Anthropic’s servers are at capacity. This is temporary. Retry after 5-10 seconds. Don’t burn through your whole fallback chain – add a short sleep first.

httpx.ConnectError: [Errno 111] Connection refused (Ollama)

Ollama isn’t running. Start it with ollama serve in another terminal. If you’re running inside Docker, make sure Ollama’s port (11434) is exposed and use the correct host (not localhost – use host.docker.internal on Mac/Windows or the container’s network IP on Linux).

litellm.exceptions.AuthenticationError: OpenAIException - Incorrect API key

Your OPENAI_API_KEY or ANTHROPIC_API_KEY env var isn’t set or is wrong. LiteLLM reads from the same environment variables as the native SDKs. Double-check with echo $OPENAI_API_KEY.

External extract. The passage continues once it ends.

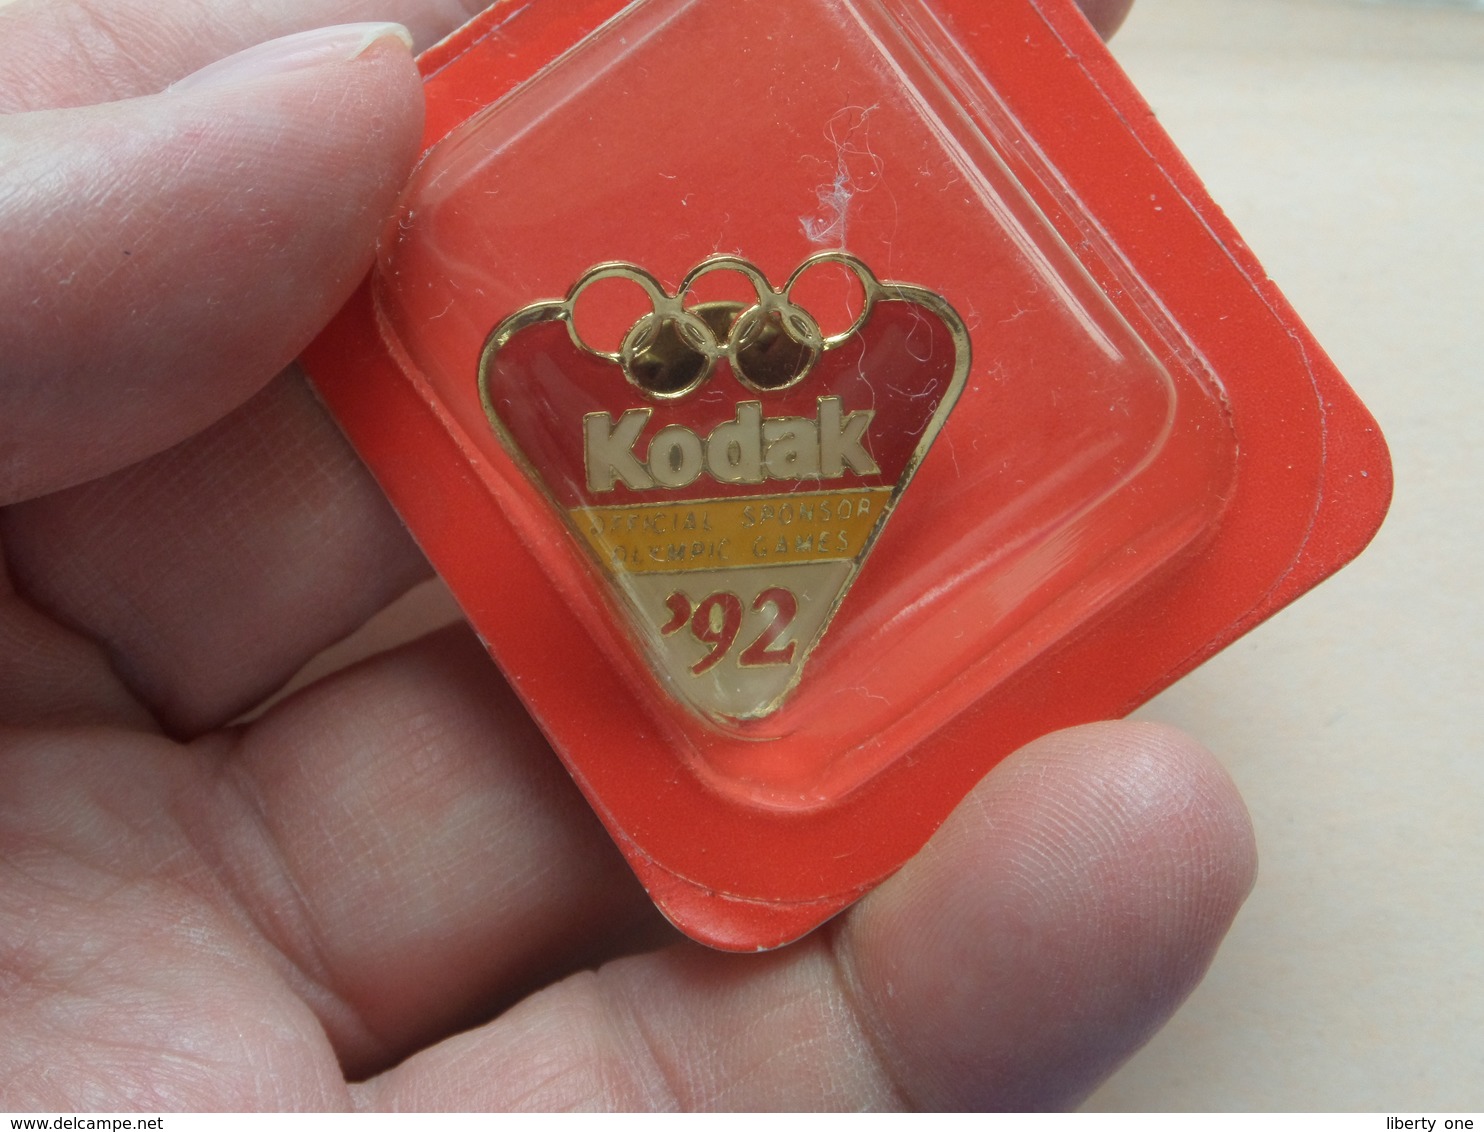 1992 - KODAK Official Sponsor Olympic Games '92 BARCELONA ( Zie Foto ) Pin - Brooch / Closed Box ! - Olympic Games
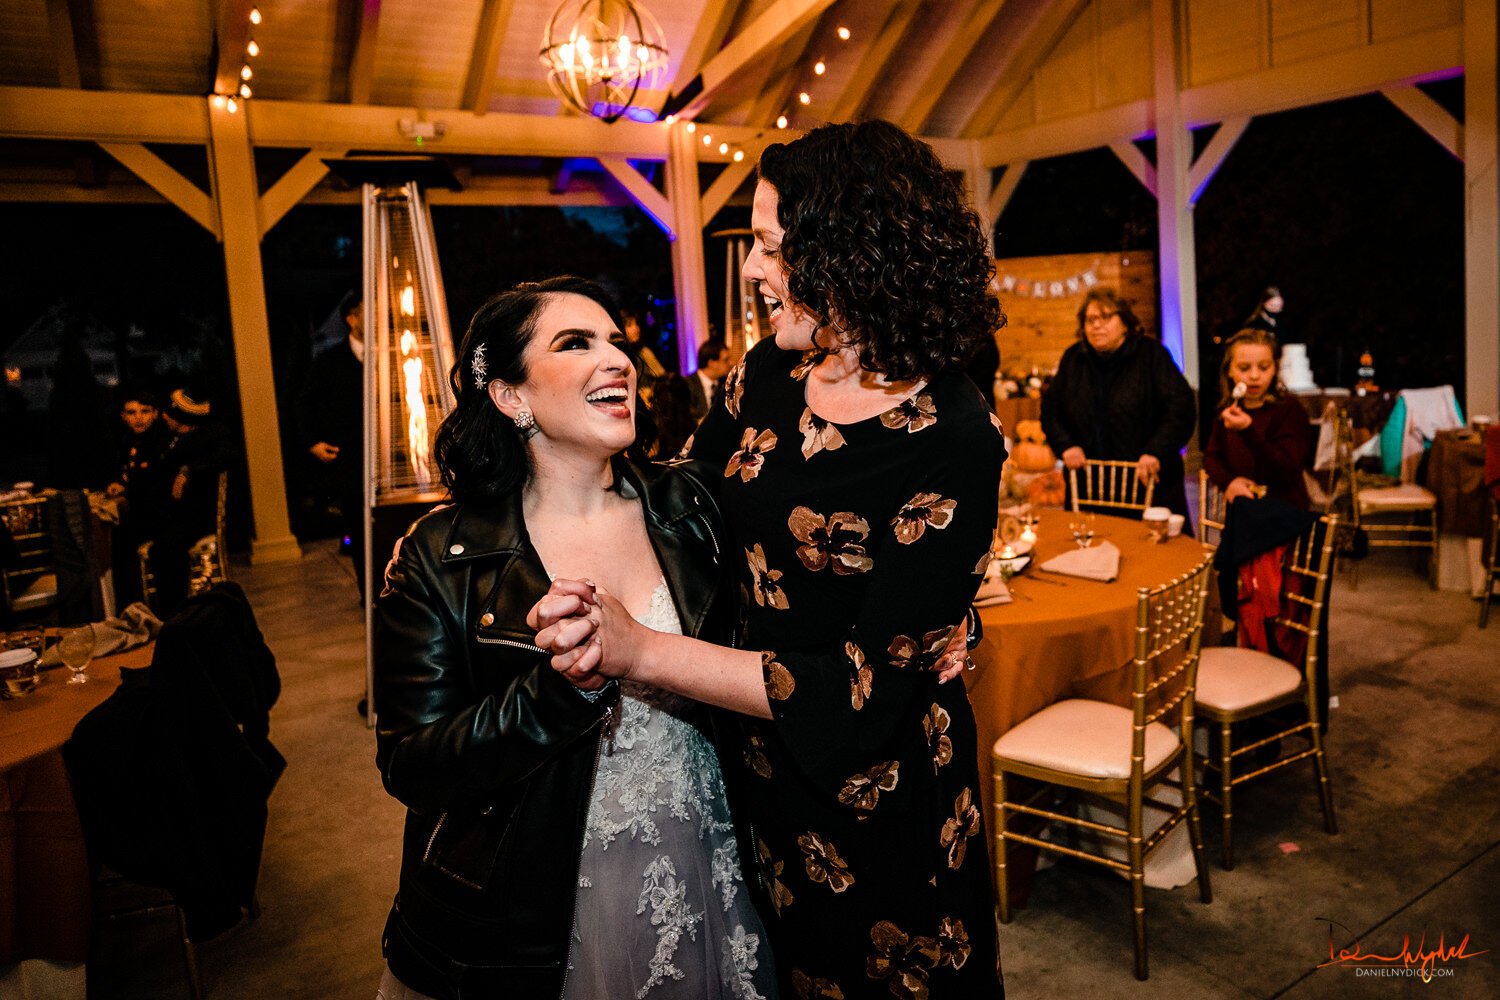 nj pinup goth bride dancing and laughing at halloween wedding

openai.APIConnectionError: Connection error

Network issue or the API endpoint is unreachable. This could be a proxy, firewall, or DNS problem. Check if you’re behind a corporate VPN. You can also set openai.base_url to route through a different endpoint.

TypeError: Completions.create() got an unexpected keyword argument 'max_tokens_to_sample'

You’re mixing up Anthropic’s old API parameters with OpenAI’s SDK. The OpenAI SDK uses max_tokens (or max_completion_tokens for newer models). Anthropic’s SDK also uses max_tokens. The old max_tokens_to_sample parameter is from Anthropic’s deprecated v1 API.